Освобожденных из тюрьмы Пули-Чархи политзаключенных стали назначать на ответственные посты в государстве. Бабрак Кармаль со своими соратниками разместился в кабульском дворце Арк и через день после переворота принял руководителей представительства КГБ и отличившихся офицеров из отряда «Каскад». Б.С.Иванов, Ю.И.Дроздов и я также принимали участие в этой встрече. Бабрак
357
Кармаль горячо нас поблагодарил и заявил, что без помощи Советского Союза «парчамисты» не смогли бы утвердиться у власти.
У меня было чувство облегчения от того, что большинство наших оперативных планов оказались хорошо разработанными, подготовленными и успешно осуществились. Но при всем этом смерть нескольких наших товарищей при штурме дворца Амина представлялась неоправданной. Их гибель послужила, кстати, толчком к сооружению на территории службы разведки в Ясенево памятника сотрудникам, отдавшим жизнь во имя Родины. По прошествии многих лет ясно, что все наши жертвы в Афганистане, увы, были напрасными.

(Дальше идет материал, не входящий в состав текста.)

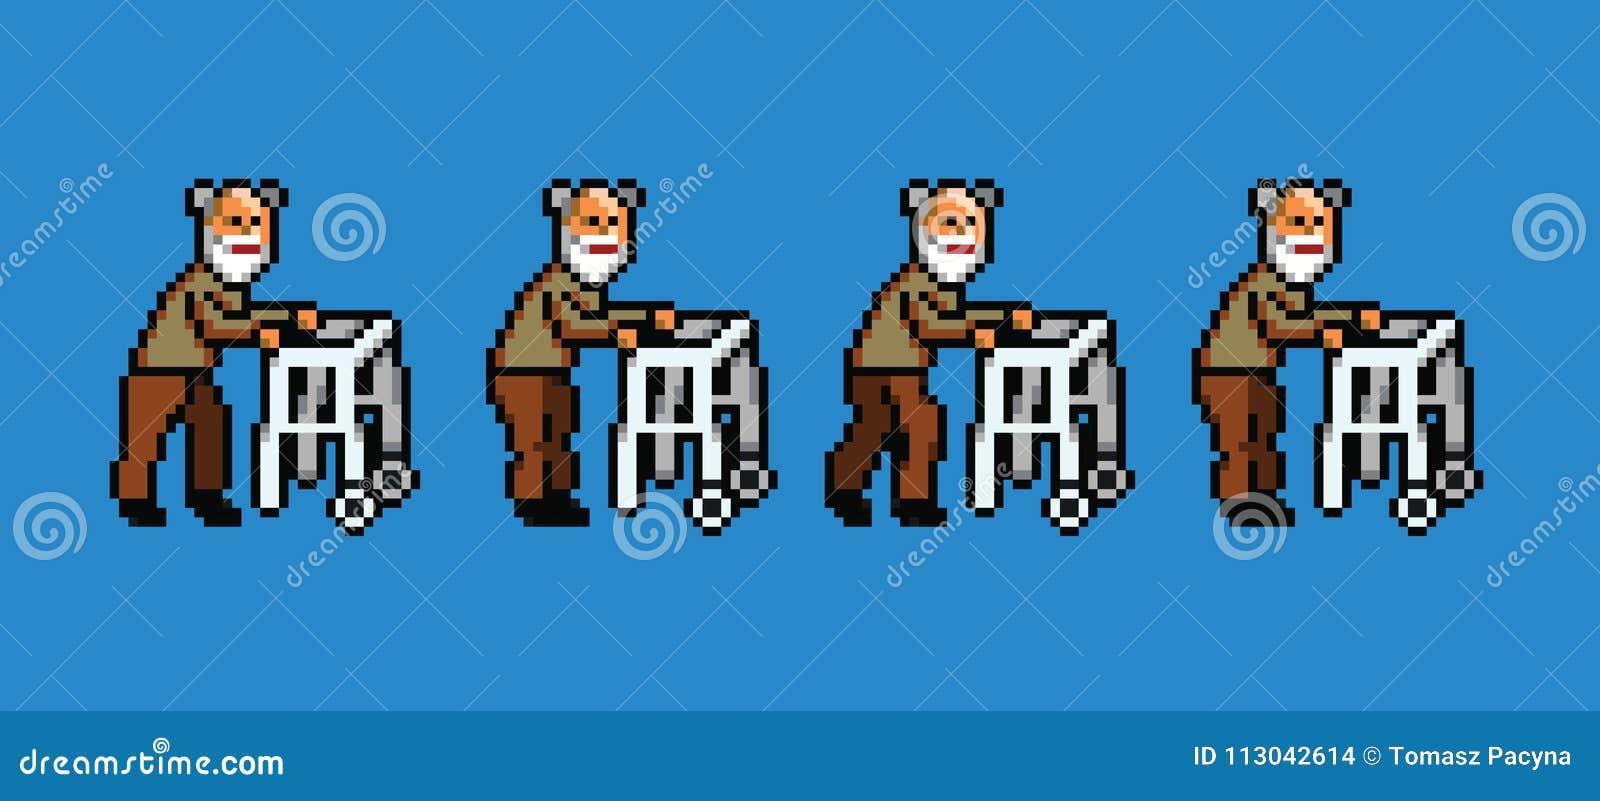 images?q=tbn:ANd9GcQh_l3eQ5xwiPy07kGEXjmjgmBKBRB7H2mRxCGhv1tFWg5c_mWT Pixel Art Walking Animation @koolgadgetz.com.info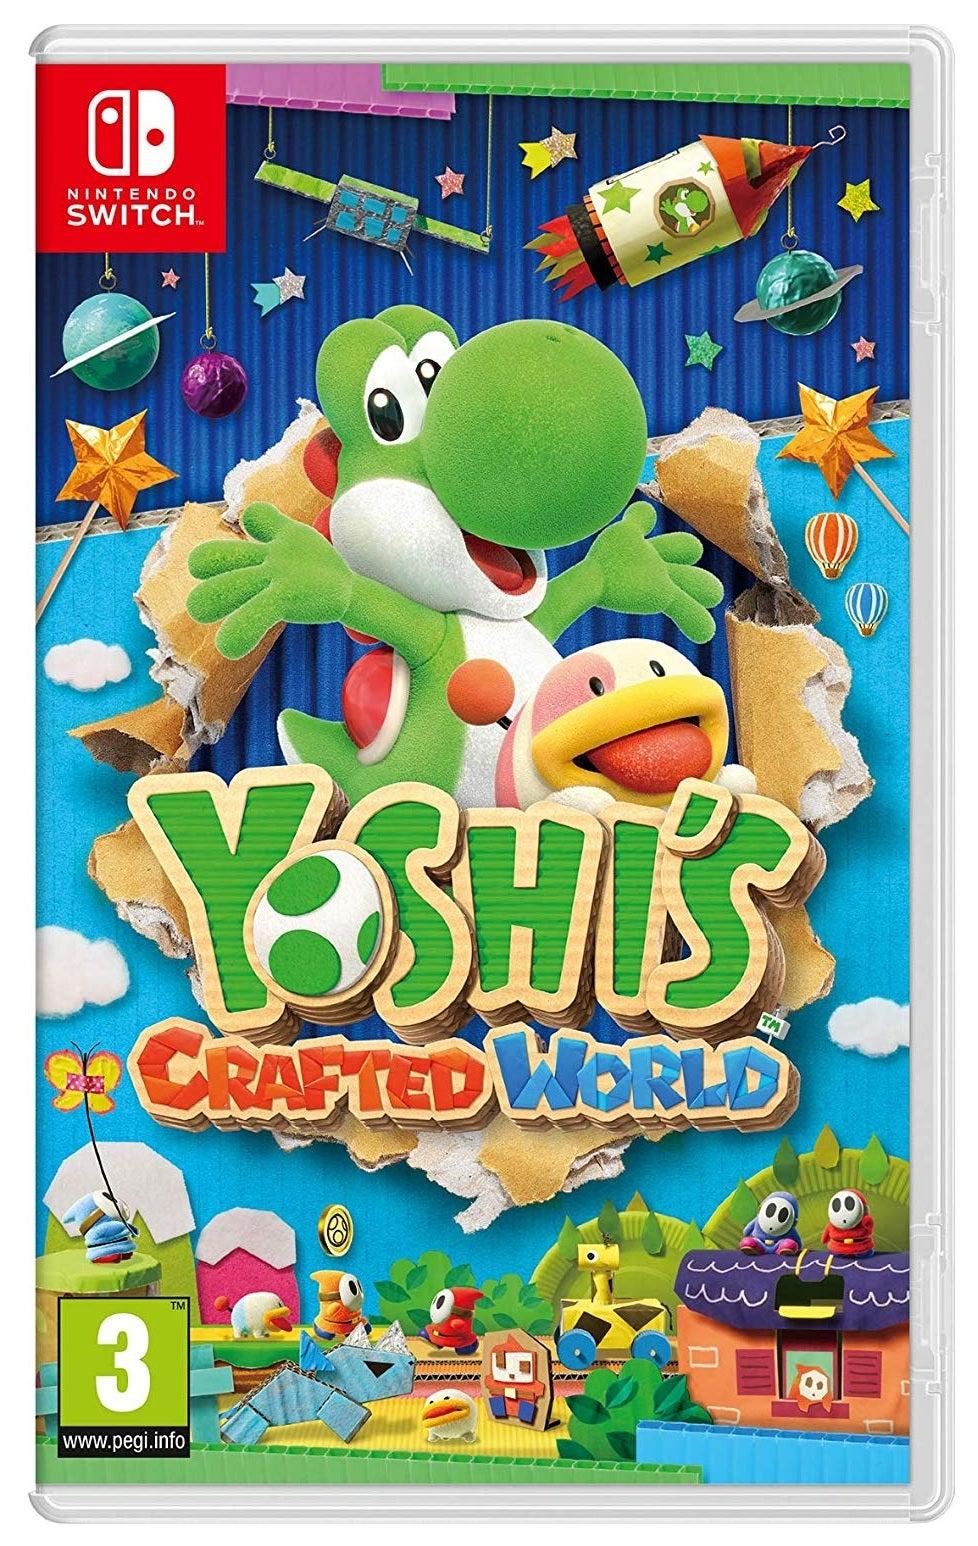 Nintendo Yoshis Crafted World Nintendo Switch Game

30 декабря 1979 года пришло указание мне и Ю.И.Дроздову вылететь в Москву для доклада о проведенной операции. 31-го, уже после окончания рабочего дня, мы предстали перед Ю.В.Андроповым и отчитались за свою работу.
В семье была большая радость — Новый год удалось встретить всем вместе, дома, а с души свалился тяжелый груз ответственности.
В первые новогодние дни радостные чувства не покидали меня. Все теперь пойдет хорошо в Афганистане: руль государства перешел там в руки разумных людей без всяких экстремистских завихрений. Наш сосед остается нашим большим другом, и к тому же единственным на всем протяжении южных границ СССР. Всех участников событий председатель КГБ пообещал щедро наградить.
Но вскоре стали раздаваться тревожные голоса.
Мой большой друг и старший товарищ Иван Алексеевич Маркелов (в то время он был, как и я, первым заместителем начальника разведки) на первой же встрече после возвращения из Афганистана спросил меня с тревогой в голосе: «А зачем мы туда вообще влезли? Добром для нас эта экспедиция не окончится!»
Затем пошли отклики из США. Там радостно потирали руки: «Советы попались — не учли нашего плачевного опыта. Афганистан станет для СССР тем же, чем стал Вьетнам для США».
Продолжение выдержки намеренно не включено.